[Yaffs] bit error rates

Tue Feb 7 21:04:29 GMT 2006

On Wednesday 08 February 2006 05:58, Richard A. Smith wrote:
> Charles Manning wrote:
>  > The best guide I have read is the Toshiba NAND flash applications design
>  > guide, available at various locations including
>  > http://www.edn.com/contents/images/ToshibaNANDFlash1.pdf
>
> Thank you! that was _exactly_ what I needed.  It answered all my
> questions and even some I had not though of yet.
>
> > I don't believe that there is any "read disturb". Once written, AFAIK
> > only other writes are likely to mess things up.
>
> Nope.  See page 22 of the doc you pointed me to.
>
> Read Disturb — In this failure mode, a read operation can disturb the
> memory contents causing a “1” to change to
> a “0.” The bit error occurs on another page in the block, not the page
> being read.
>
> Its non-permanent though an erase will fix it and _really_ unlikely.
>
> The ROM section of the document discussed that in their testing it was
> 3ppm over 10 years.  So 3 blocks out of every million blocks will have a
> 1 bit error in 10 years.
>
> As you said the program-disturb is more common.  Although still pretty
> rare. 1E-10 or 1 bit per 10 billion

Thanx for the correction.

All of these failures get handles by ECC, but ECC is limited to 1 bit /256 
bytes. 

NAND is getting more and more reliable, IMHO. Most devices will work fine 
(except for the factory marked bad blocks). Some will lose some blocks in the 
first pass or two (marginal blocks missed by the factory check, perhaps), 
then settle down to a long and useful service. Some might take longer to 
settle down or might lose blocks slowly for a long time.

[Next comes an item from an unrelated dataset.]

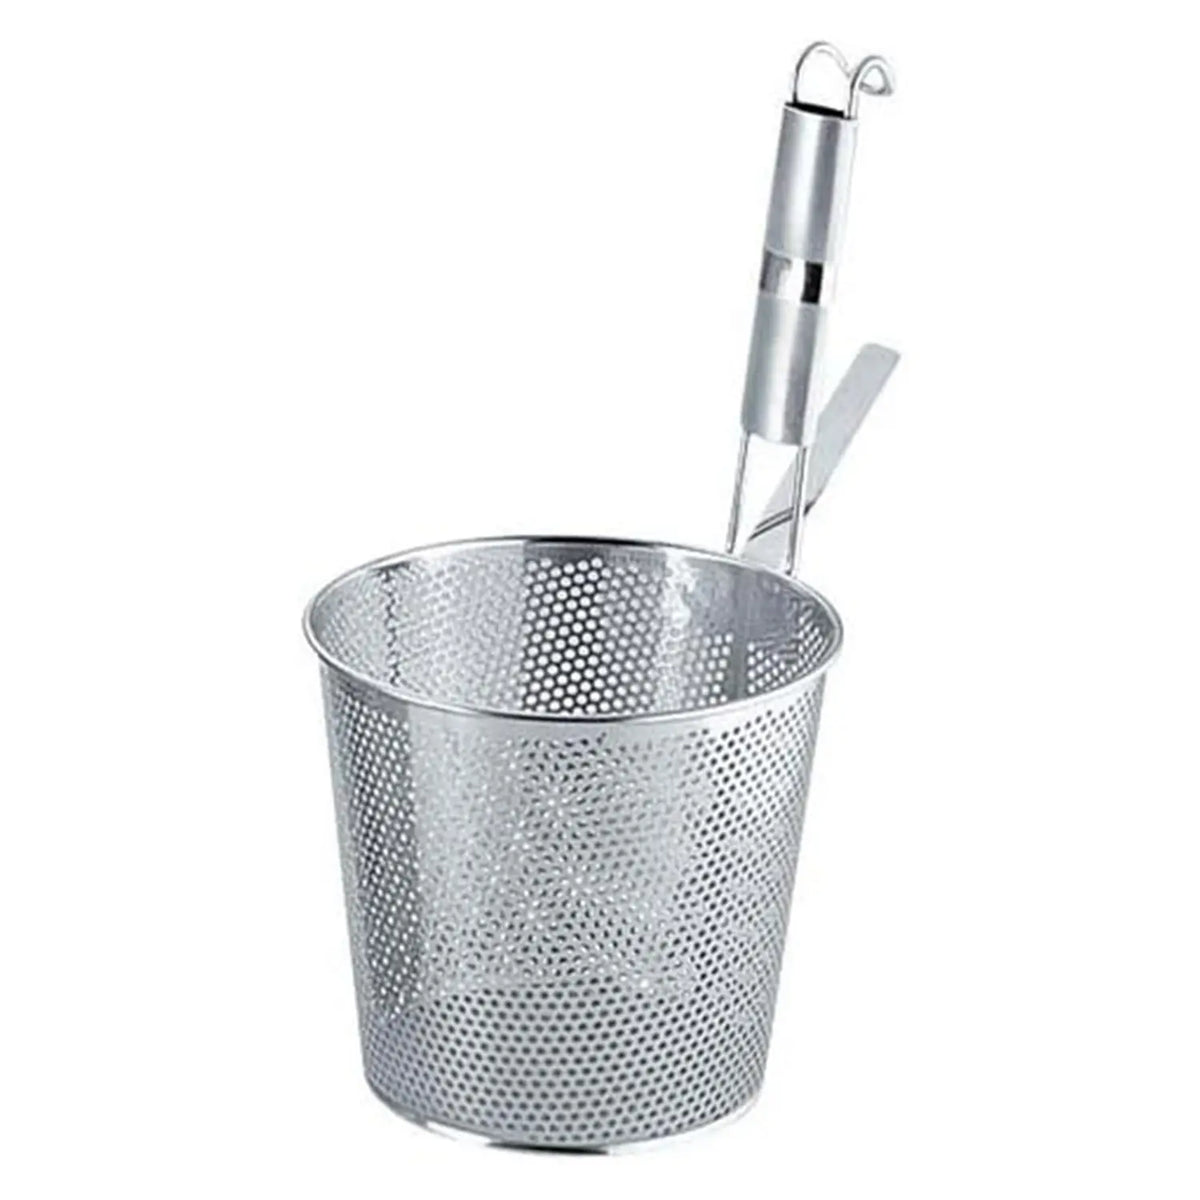 YUKIWA Stainless Steel Perforated Udon Tebo Noodle Strainer Flat Base with Metal Handle

In the 100Gbyte test I mentioned, I saw no blocks go bad. This unit had been 
used for a couple of weeks toing thrash tests before this and I expect all 
had blocks had been marked.

YAFFS takes a fairly cautious approach to handling bad blocks. If a block 
fails an ECC test then it's retired at the next garbage collection of that 
block (ie we suck out the data first).

According to folks I have discussed this with at Toshiba, a block is likely to 
display 1-bit (recoverable) ECC errors long before going truly bad. Therefore 
I think the above strategyy should work prety well.

>
> > YAFFS2 does no rewrites (ie only one write per page and no deletion
> > markers.
>
> Is YAFFS2 ready for production?  I've been looking through the code and
> I see a lot of FIXMEs and TODOs.

YAFFS2 has been used in non-Linux systems for at least a year and has been 
evolving. Some of those evolutions broke a few things, including the deleted 
hardlink handling (fixed in December 2005). 

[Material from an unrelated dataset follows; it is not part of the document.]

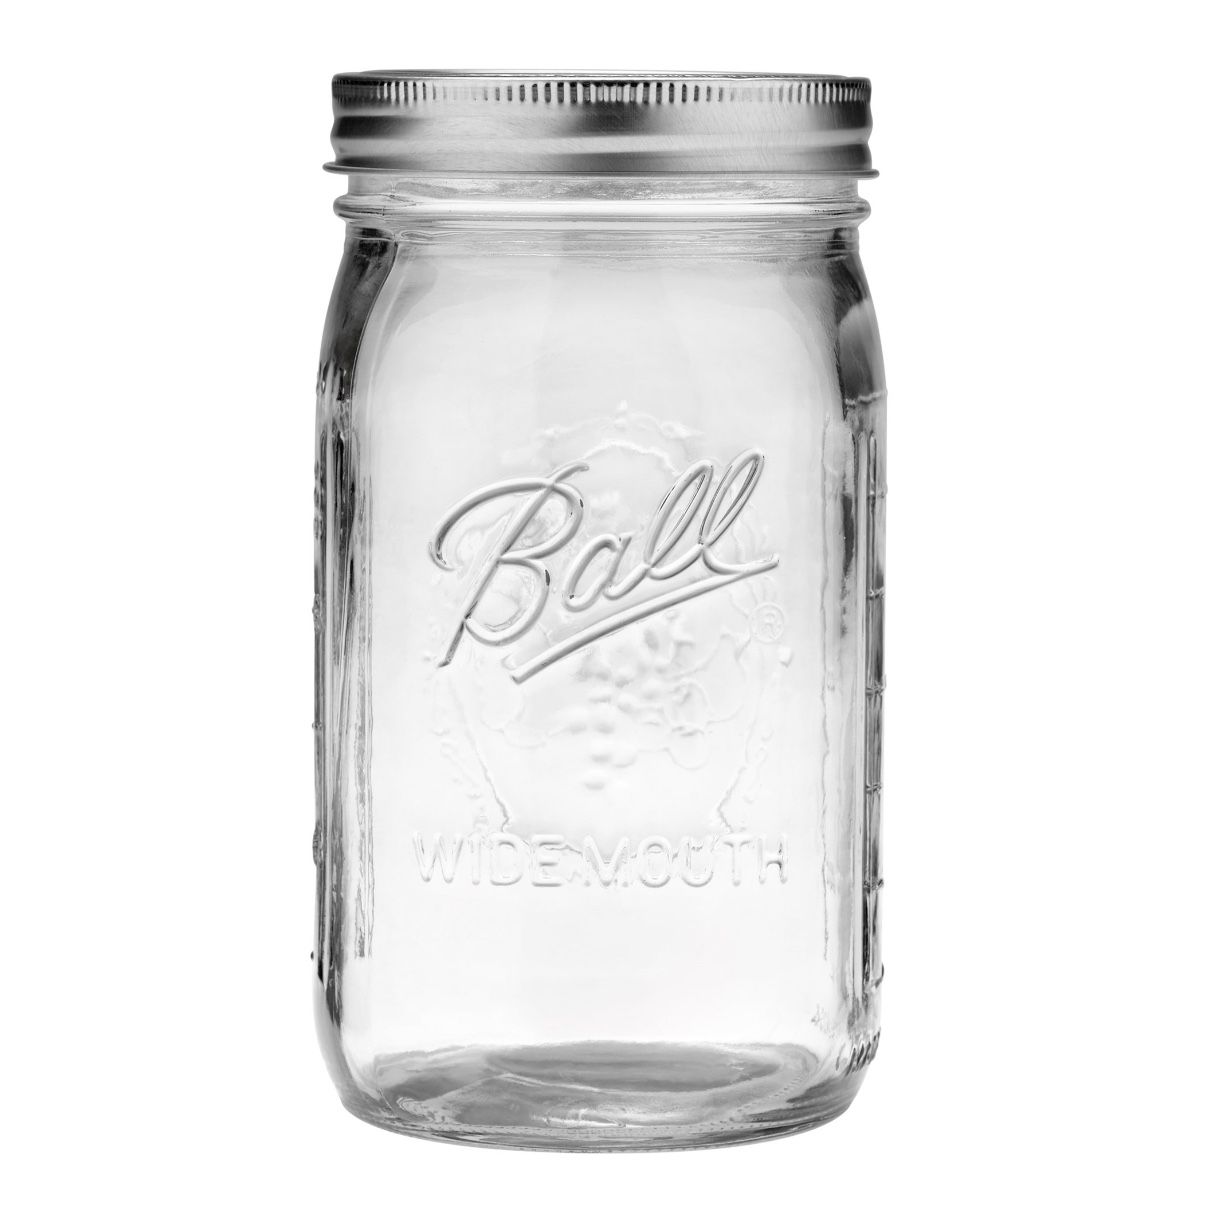 BALL 32oz Wide Mouth Quart Canning Mason Jars, Lids Bands Clear Glass 12 Pack. Condition is "New and sealed.

There way a problem where corrupted tags (due to a bad mtd-hook-up) could 
cause a crash. That was addressed a few days ago and would only have been 
seen by people with mtd problems.

At the moment the main trauma is hooking up to the mtd. Once this is done, 
YAFFS performs well, IMHO. The yaffs_mtdif2.c code does not work at present 
with a stock kernel and various efforts are underway to fix this. Sergey 
posted a patch which almost works (did not fix the problem on the board I'm 
playing with).

I have a unit running YAFFS2 on Linux on my desk right now. It is running fine 
(read/write/delete/garbage collection/...). It currently has the busybox 
interaction problem (see 
http://stoneboat.aleph1.co.uk/pipermail/yaffs/2005q4/001645.html). I have not 
tried this, and will try to implement a different fix today. I don't consider 
this a "serious flaw" like data loss or crashing, but it is one that should 
be fixed

Basically, my take on this is that since the beginning on the year there are 
no serious YAFFS2 problems apart from hooking up to the mtd. YAFFS Direct 
users don't have this problem.

>
> The no deletion markers is a bit confusing.  I've not yet groked how
> YAFFS2 does this.  Care to enlighten me?
Most of the method is sketched (briefly) in
http://www.aleph1.co.uk/yaffs/yaffs2.html

YAFFS2 uses the sequence number to determine the flow of time and what has 
happened to the fs.  But in very brief:
* When we write a new chunk the previous one is discarded. We can look at the 
sequence numbers to determine which one is valid and which is not.
* Operations such as resizing a file are handled by writing a new file header 
stating the limits of the file.
* We handle file deletion my moving the file to a fake "deleted directory".

>
> > NAND flash seems to be getting more reliable all the time. I did some
> > accelerated lifetime testing where I wrote and verified over 100Gbytes
> > of data without a single bit being damaged.
>
> Good news.  I'll bet the 1e-10 error rate is at the max rated operating
> temp of the part.  So in the normal temp range the error rate is
> probably far lower.

The other factor is that the error rates are also determined using a maximum 
number of writes per page (too many trigger write disturbs). Since YAFFS2 
only ever does one write per paged it is less likely to cause this.

>
> > YAFFS direct is vanilla C and should compile fine for just about
> > anything.
>
> Excellent.  Has anyone actually done it though?
> Hopefully, with no weird niosII compiler bugs or linker problems.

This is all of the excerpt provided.